No Content for Old Men
with Matt Craig
Hey movie lovers!
As always, you can find a podcast version of this newsletter on Apple or Spotify. Thank you so much for listening and spreading the word!
In this week's newsletter: My SPOILER FREE review of TeneT, the most anticipated movie of 2020. I grapple a bit more with my relationship to Christopher Nolan in this week's streaming recommendations, and then in this week's "Trailer Watch" we've got a new courtroom drama from Aaron Sorkin. Sound the alarm.
Word Count: 983 words
Reading time: 5 minutes
TeneT
One of the defining moments of my movie fandom occurred the instant I figured out I was allowed to not like Christopher Nolan movies.
The year was 2014, the movie was Interstellar, and as a newly converted cinephile I remember feeling the need to defend it to my family, who walked out of the theater and started cracking up at how ridiculous it was. Nolan, then and now, represented the pinnacle of high budget, auteur-driven moviemaking, so I came to his defense on principle. After spending a few weeks trekking through the Nolan filmography, in a moment of glorious release, I finally felt the freedom to admit the director's work wasn't for me.

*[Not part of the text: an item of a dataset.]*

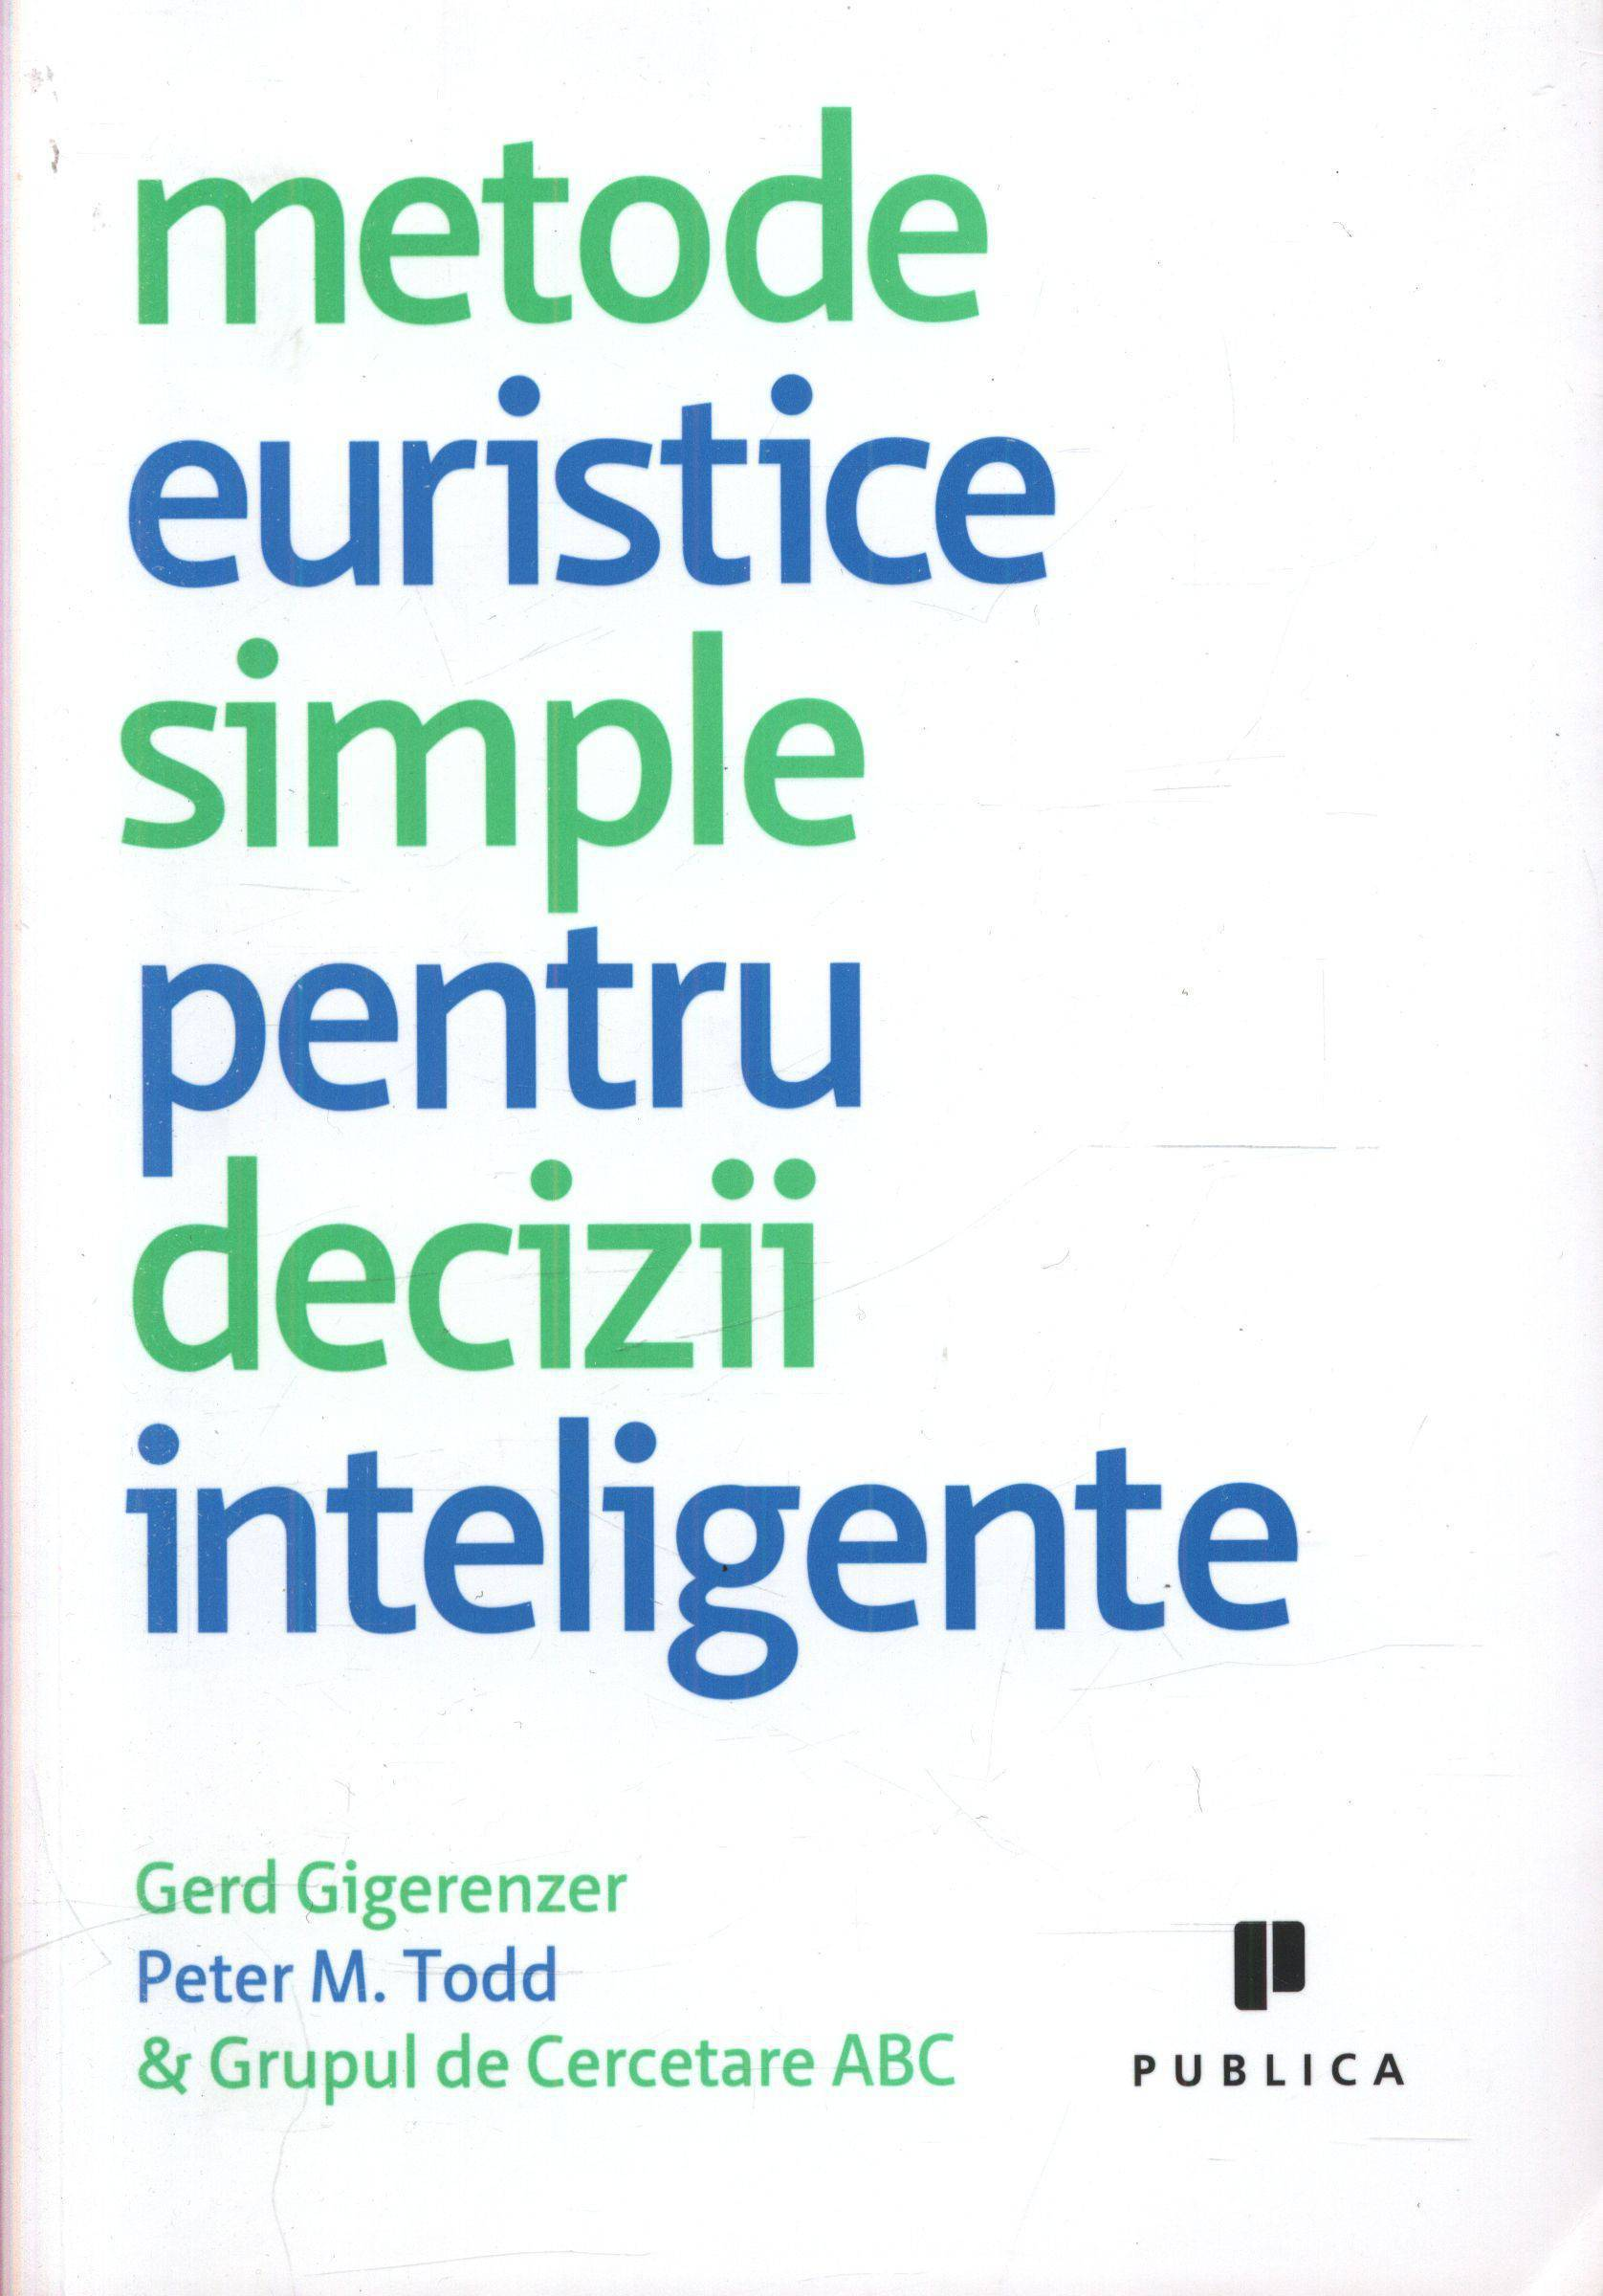 Metode euristice simple pentru decizii inteligente Gerd Gigerenzer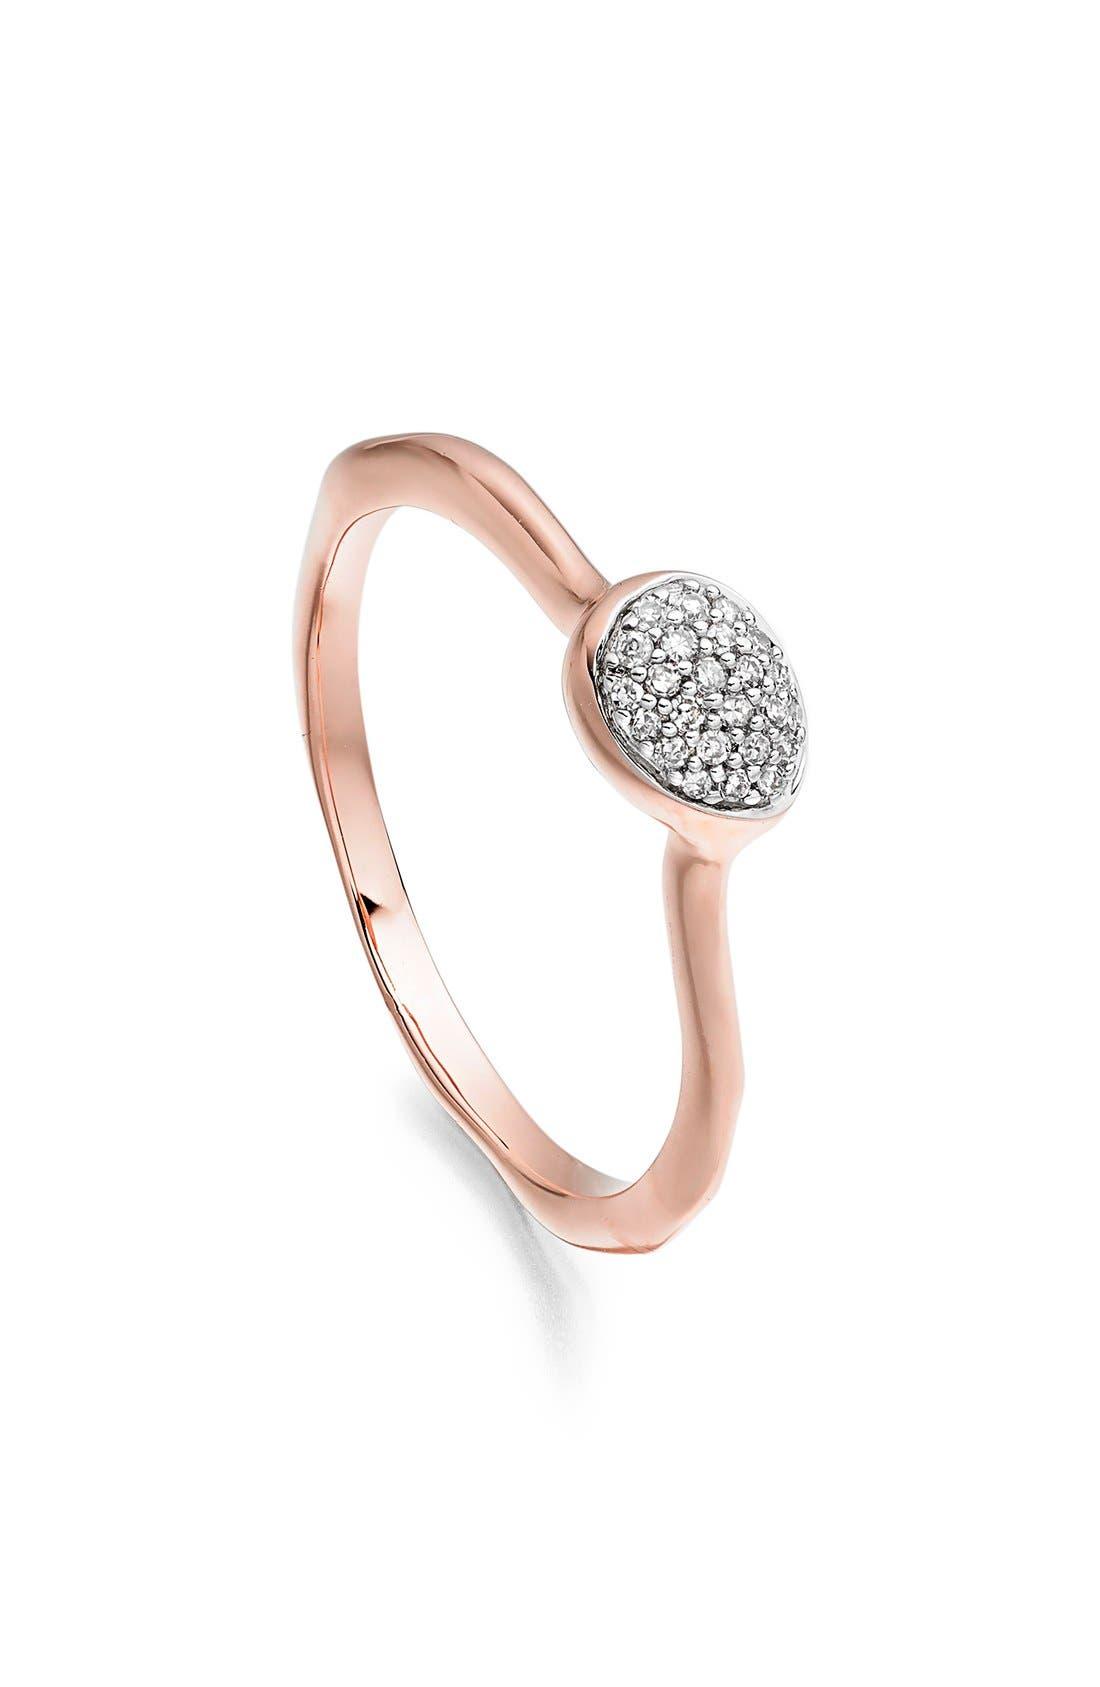 Alternate Image 1 Selected - Monica Vinader 'Siren' Small Pavé Diamond Stacking Ring

Until about a month ago, I would've said Nolan has this same hold over the entire moviegoing public. Anecdotally, it seems like every time I ask someone who doesn't watch many movies what their favorite movie is, they'll say Inception or The Dark Knight. His movies do crazy business at the box office, and spawn a cultish fandom online.
That's why his latest, TeneT, was tabbed as the industry's white knight, set to ride in and save movie theaters from utter destruction. Nolan himself has been one of the most vocal defenders of the theater experience, antagonizing Netflix in the process, a take that became more "old man yells at cloud" with each passing day in the year 2020. But he had the goods. Even as the release date kept getting pushed back, TeneT's earning potential was spoken about in reverential tones.
Finally, the movie was dropped overseas and in select cities (crucially, not Los Angeles or New York). It flopped so hard domestically that Warner Brothers yanked their other 2020 tentpole Wonder Woman 1984 off the calendar, and Disney is expected to follow with Marvel's Black Widow and Pixar's Soul.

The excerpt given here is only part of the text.